I almost did something this morning that I have changed my entire life to avoid doing: I almost ranted on social media.
I know… Pretty boring confession, especially considering the climate of our current society. Everyone’s got something to rant about these days, and everyone has the means to do so to their hearts’ content. It used to be a daily thing for me. I even made a career out of it at one point. But ultimately, it was unhealthy and leaving it all behind has been beyond beneficial. I smile more. I appreciate my daily life. I produce books instead of trickling ideas into a never-ending stream of internet piss. I have stopped screaming into the void (for the most part).
But still, some current events get under my skin, especially those dealing with hypocrisy, and VERY especially those dealing with a particular religious group for whom hypocrisy is supposed to be a sin, and yet they indulge in it almost by the hour. And since quitting my job to write full time, I’ve found myself with much more time between writing chapters in my books and that time has been slowly allowing my walls around my social media behavior to erode.
When I caught myself mid-rant, I stopped and immediately texted my friend Casey (whom you’ve heard of, I’m sure, if you’ve read this blog for any time). We have a mini support group for former social media ranters, among other things. And when I told him what happened, he immediately came back with his own confessions. It turns out, you guys, that we are living in a profoundly toxic society, and it’s getting worse by the day. And neither Casey nor I are capable of ignoring this fact.
Of course, It’s not new and it’s not sudden, it’s been happening for a very long time. Our coping mechanisms work, but they aren’t iron-clad, and sometimes we find ourselves in a pure blinding rage at just how gross things have gotten. Our natural instincts are to fight tooth and nail against evil and oppression. We both dealt with bullying growing up, and we both have zero tolerance for bullies, hypocrites, liars, thieves, and very especially Nazis.
We’ve both dealt with some guilt around the idea of “not doing enough” to fight it, at various points in the past few years. In fact, going on two years ago, I deleted my Facebook account permanently in part because the days’ events had driven me to form an anti-facist group as a joke, and over seven thousand people joined in 48 hours. The conversations went from “Yay us, we’re going to fight the Nazis!” to “We need to show up at every event and fucking murder these peckerwoods” in very short order, and on the advice of no fewer than three lawyer friends of mine, I closed the doors and threw away the key.
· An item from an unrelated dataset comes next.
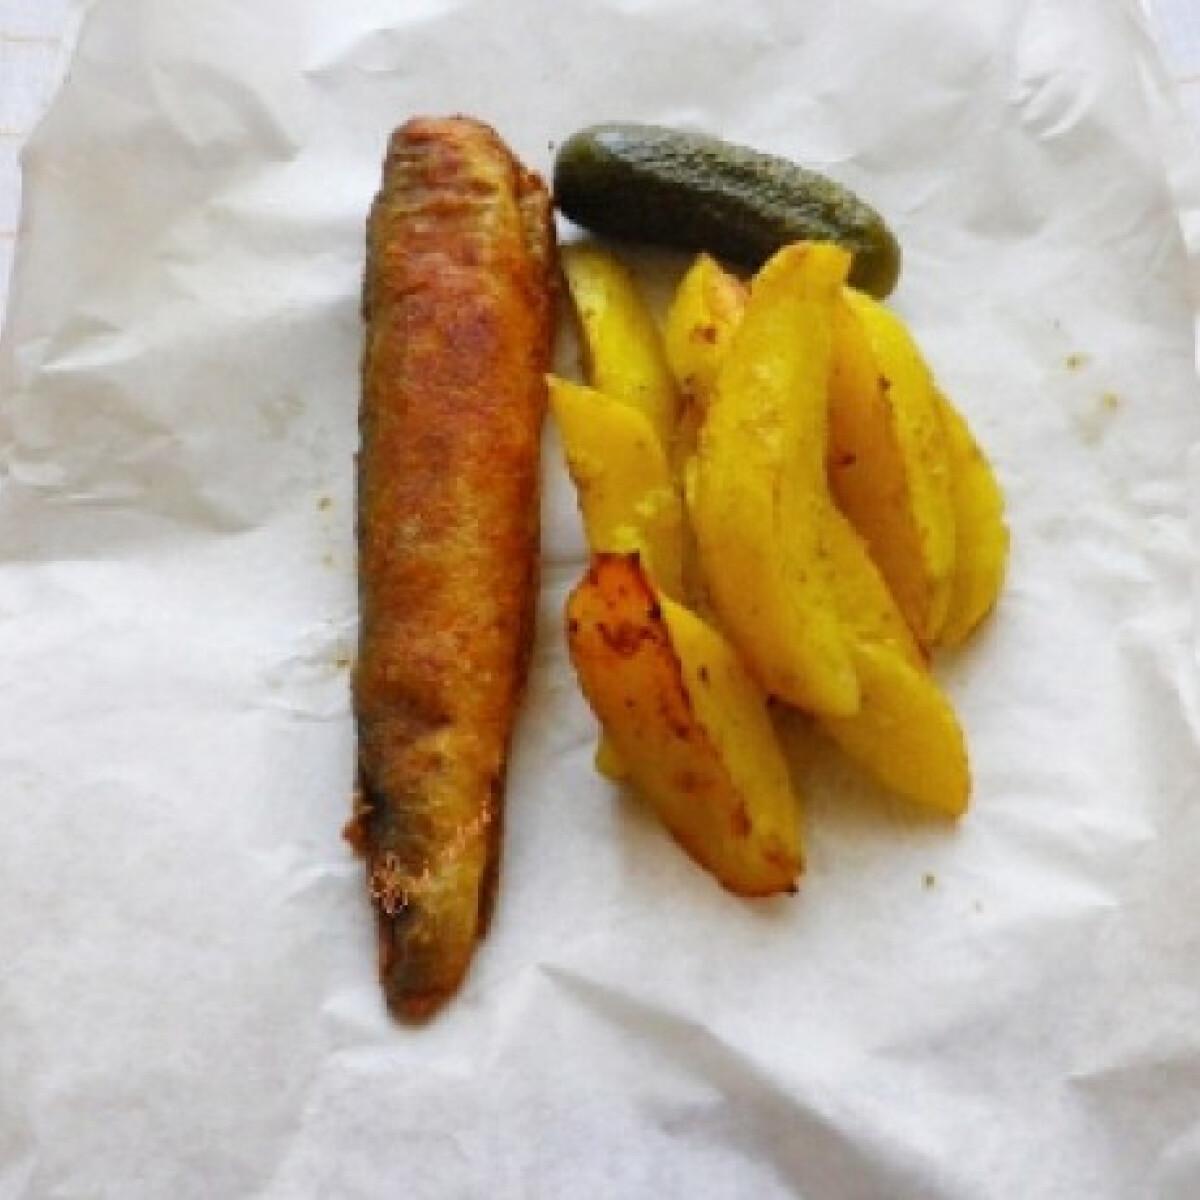 Magyar fish and chips

I started a very unhealthy response to a very unhealthy facet of modern society. And something dawned on me at that time, and has stuck with me since: Nazis aren’t a new occurrence. They’re not “back.” They’ve always been here. We just took our boots off their neck long enough to get some air, and like cicadas emerging from the soil after decades of dormancy, they appeared in swarms and made a lot of annoying noise.
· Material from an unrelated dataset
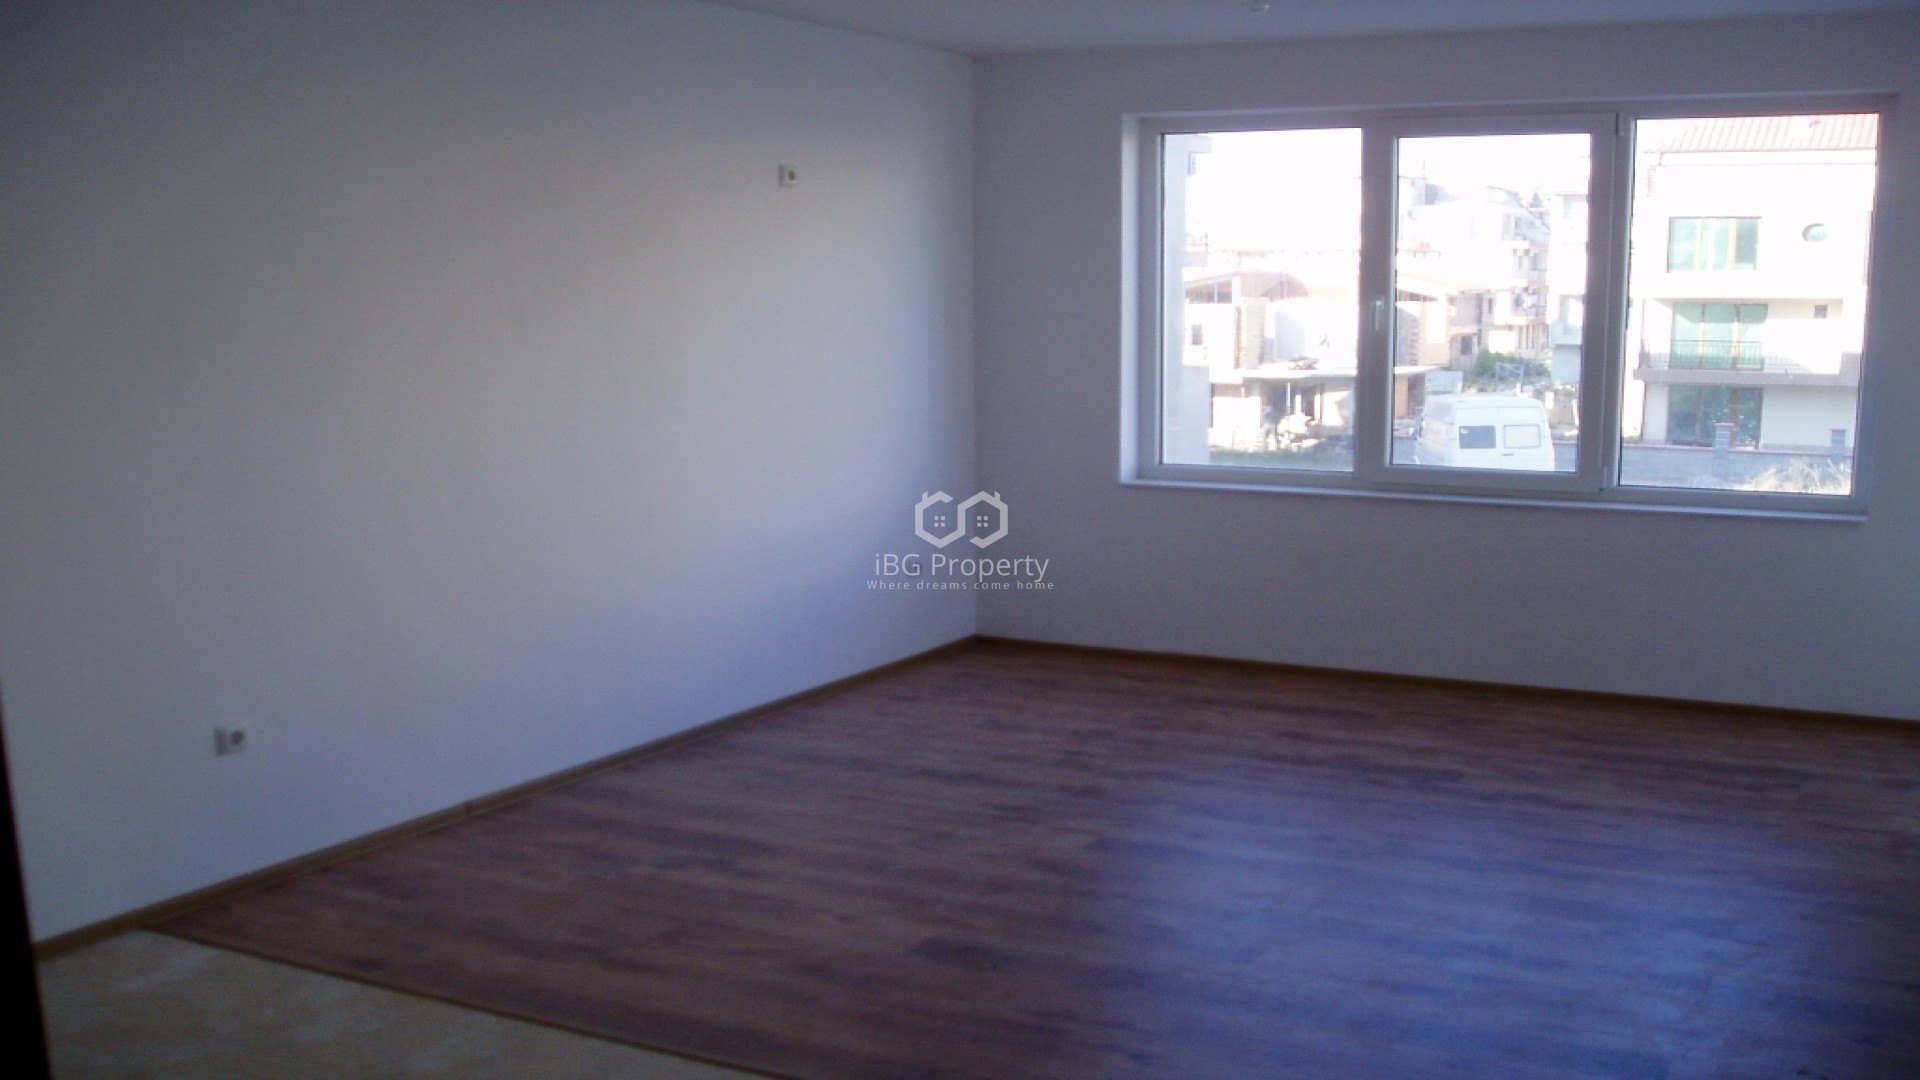 Двустаен апартамент Черно море Несебър 50 m2

My instinct is to fight Nazis — not verbally or theoretically, but to punch these fucking pieces of shit until they swallow enough teeth and blood that they’re too busy puking to talk shit.
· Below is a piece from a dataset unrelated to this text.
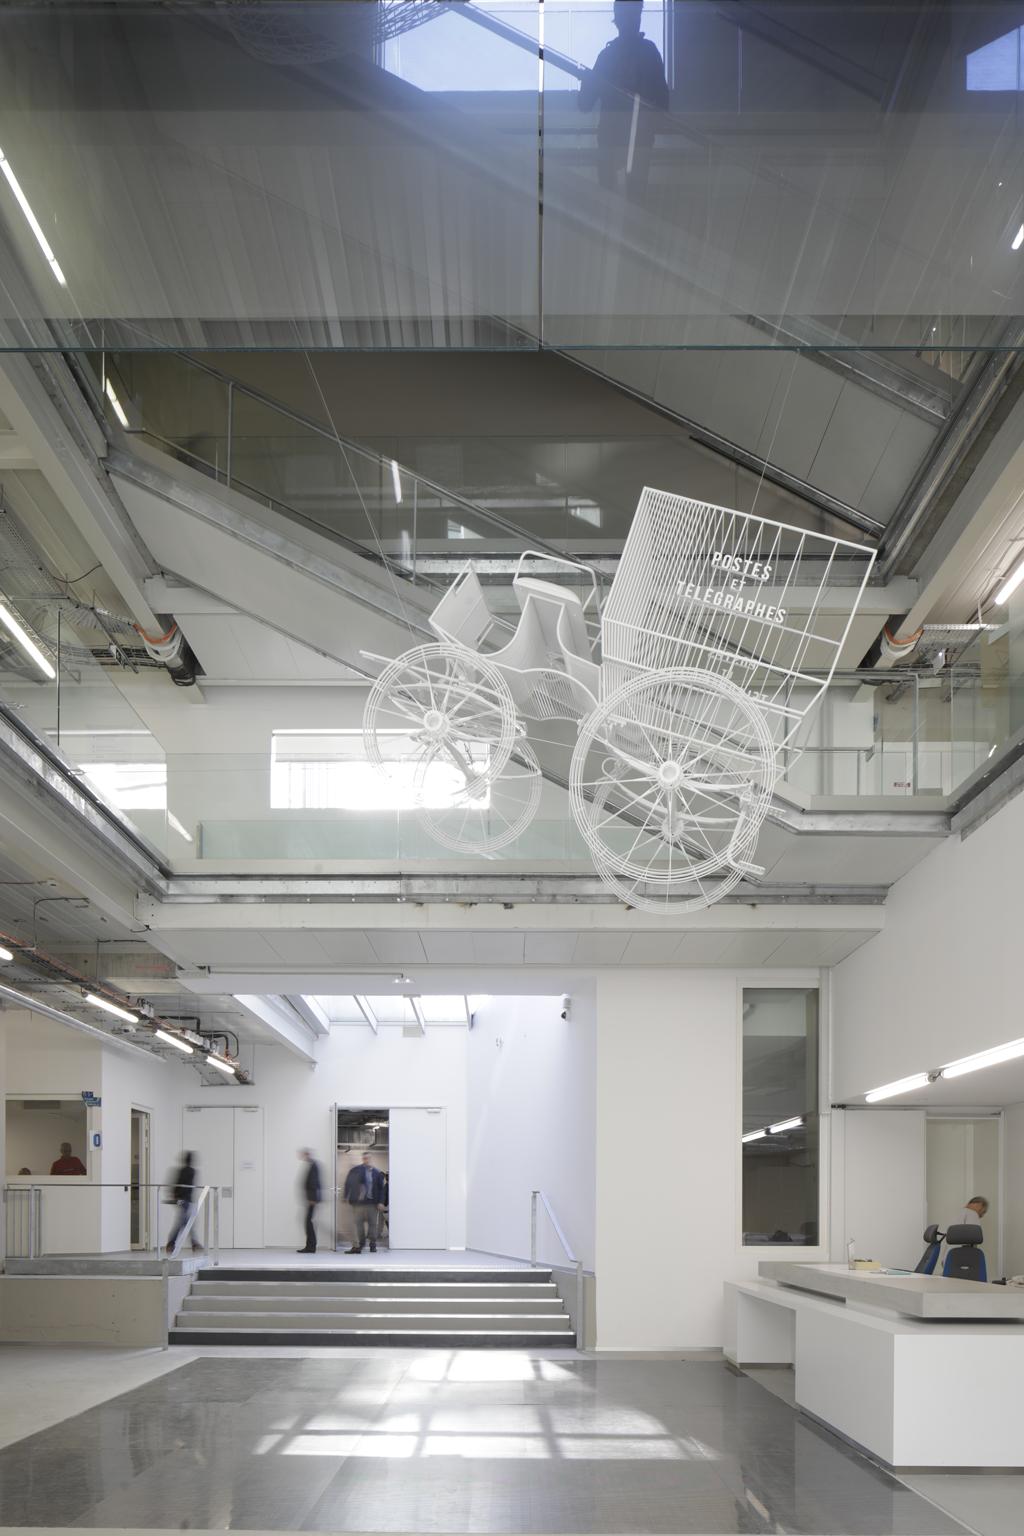 Musée de la Poste, Paris, 2019. © Hervé Abbadie

You see? That’s not healthy. That’s not something I need to be doing, not right now. It’s a tactic of the enemy. It’s becoming them. I’m the wrong guy to stand at the front and lead a movement against hate, because I have a TON of hate in my heart. I run the risk of doing more harm than good for any movement against bigotry, hatred, racism, and other things. I’m a bouncer. I’m the guy in the back guarding the door, not the guy out front telling people how to appropriately handle things like this. And neither is Casey.
And yet, he is feeling profound guilt that he’s not doing more to help. He’s not volunteering his time for political candidates who oppose these shitheads. He’s not spending time at the local food shelter feeding the homeless. He’s angry all the time, and feels like a hypocrite because he’s not dedicating his all to fighting these people and their disgusting, toxic, nauseating bullshit.
I reminded him that his entire body of work is in games and game art. He makes beautiful things people spend entire months with, which bring them profound joy and a much needed distraction from the day to day pain and poison of our modern society.
“That’s a spin,” he said. And I agreed that sure, it is. But, that work pays for him to keep a roof over the heads of two future adults, and keep those two future adults fed and raise them right, which is another huge slice of his “doing good” pie. So here we have a man who is raising children with a strong moral code, a profound sense of right and wrong, confidence to speak up when someone needs defending, and a general sense of how to be part of the solution — and he’s able to afford their raising by working in an industry on a top-tier game title that brings happiness and joy to millions.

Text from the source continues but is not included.